Let $A$ be an abelian group and let $C$ be a cyclic group. All central extensions of $C$ by $A$ are abelian because in any such extension
$$ 1\rightarrow A\rightarrow E\rightarrow C\rightarrow 1$$
any lift $x$ of a generator for $C$ to $E$ generates $E$ over $A$. Since $A\subset E$ is central, $x$ commutes with $A$, thus $E=\langle x,A\rangle$ is abelian.
Any 2-cocycle $f\in Z^2(C,A)$ allows the construction of such an $E$, in the usual way: $E:= \{(a,c):a\in A, c\in C\}$, with the group operation given by
$$(a,c)(a',c') = (aa'f(c,c'), cc')$$
since the action of $C$ on $A$ is trivial. Since $E$ is abelian by the above argument, this formula implies that $f$ is symmetric in its inputs!
Since this works for any cocycle, it must be that the symmetry is forced only by the cocycle condition
$$f(x,y)+ f(xy,z) = f(y,z) + f(x,yz)$$
and the fact that $C$ is cyclic.
Is there a direct way (without going through the group extensions) to see that the cocycle condition together with $C$ being cyclic imply that $f(x,y) = f(y,x)$?

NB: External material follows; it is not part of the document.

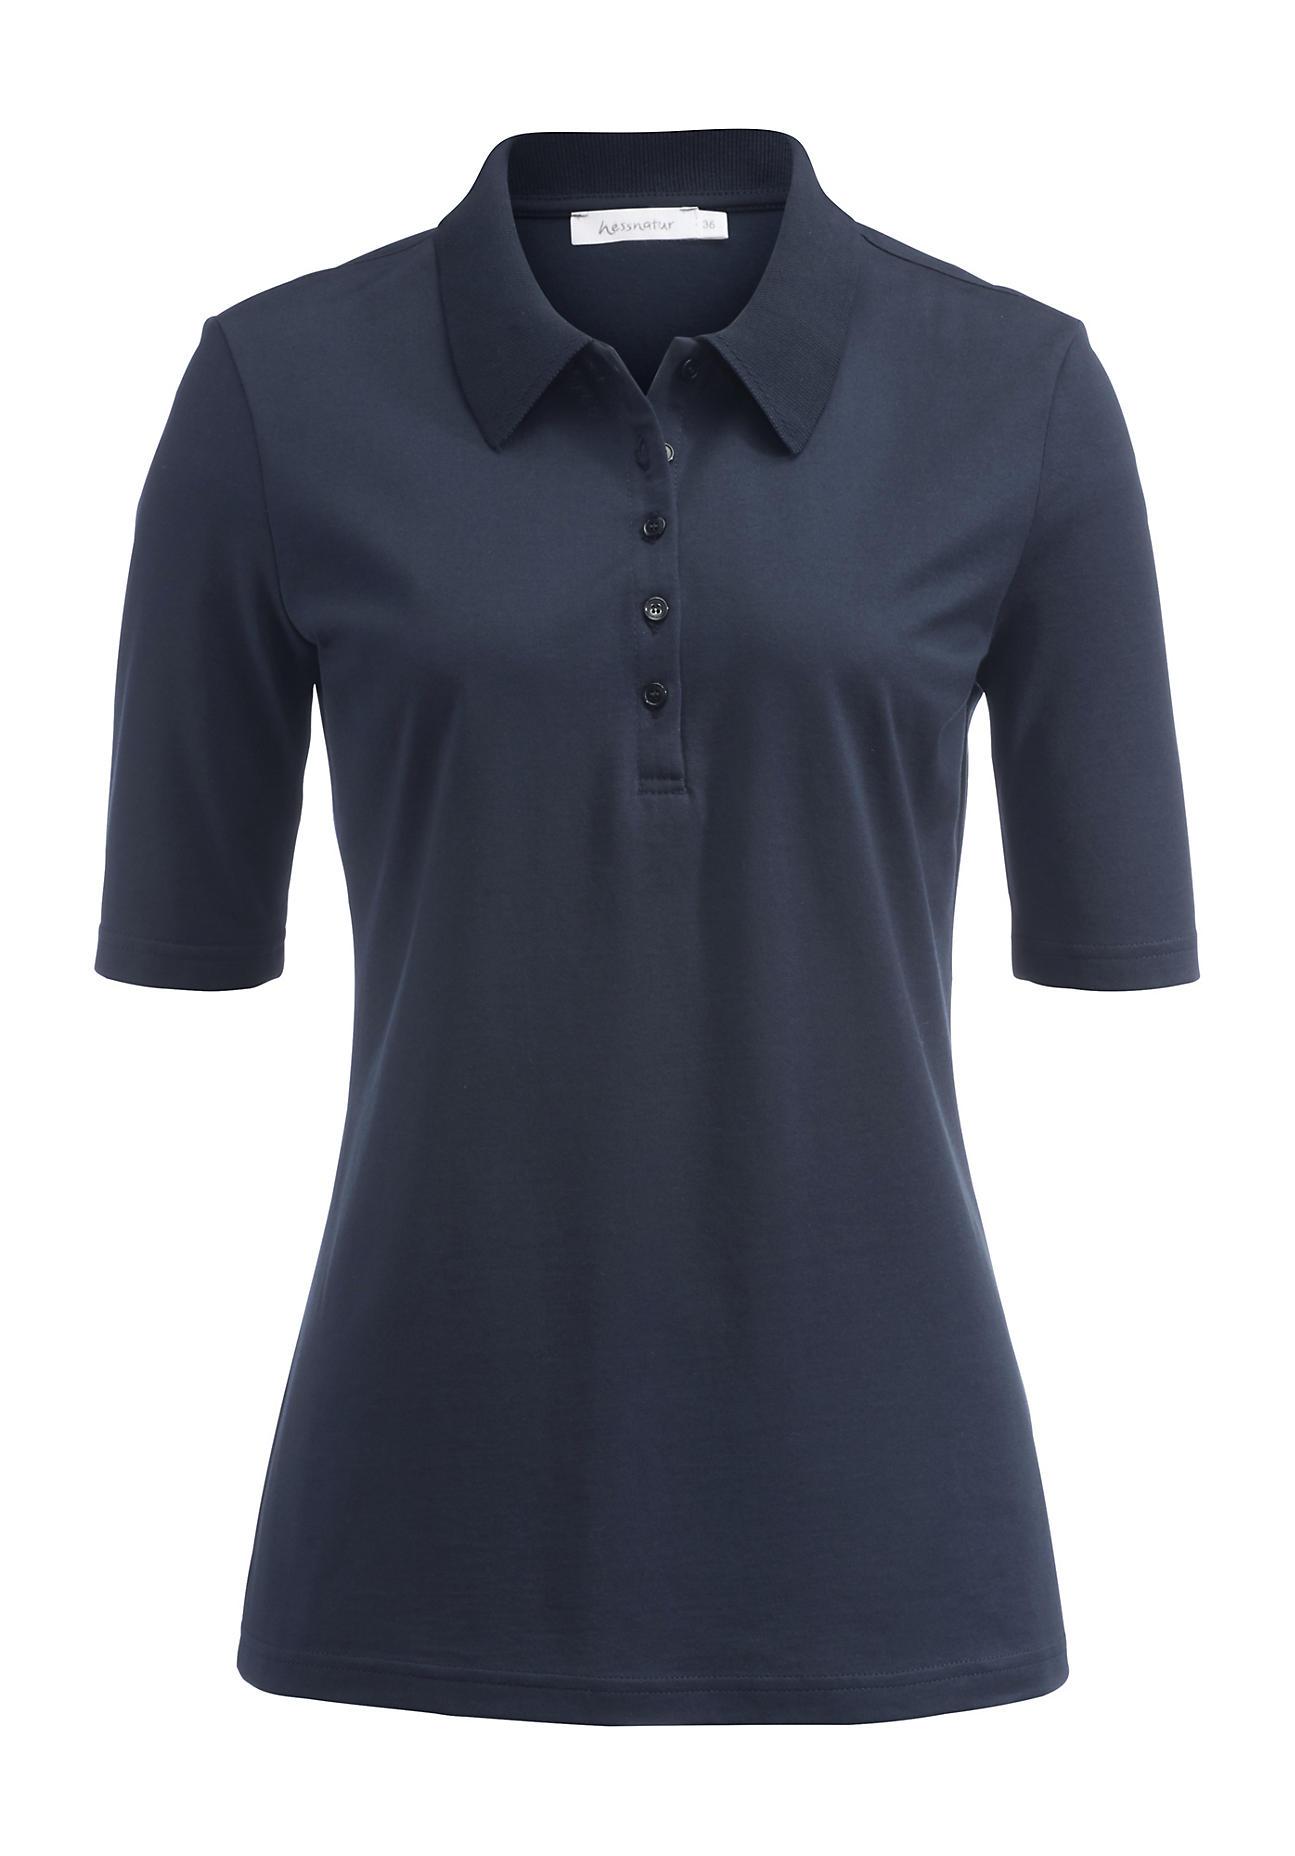 hessnatur Damen Poloshirt aus Bio-Baumwolle – blau – Größe 36
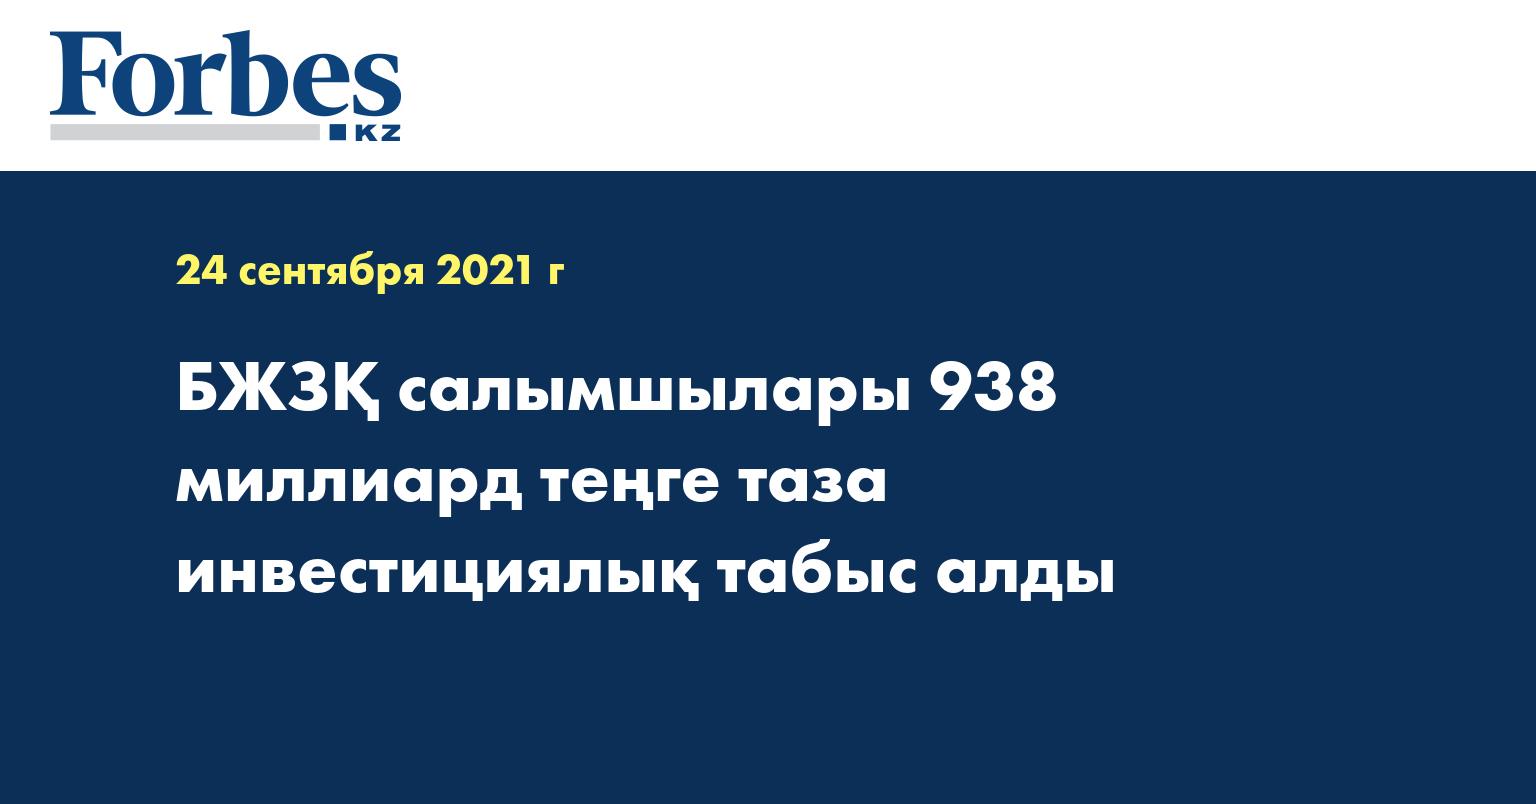 БЖЗҚ салымшылары 938 миллиард теңге таза инвестициялық табыс алды

My first thought was to let $x=r^a, y=r^b,z=r^c$, where $r\in C$ is a generator, and substitute into the cocycle condition. This basically reduces to the case $C=\mathbb{Z}$, but I don't see what to do next. The argument must use the cyclicness in an essential way, i.e. just abelianness is insufficient, since there do exist nonabelian central extensions of (noncyclic) abelian groups (e.g. $Q_8$ or more generally any extraspecial group).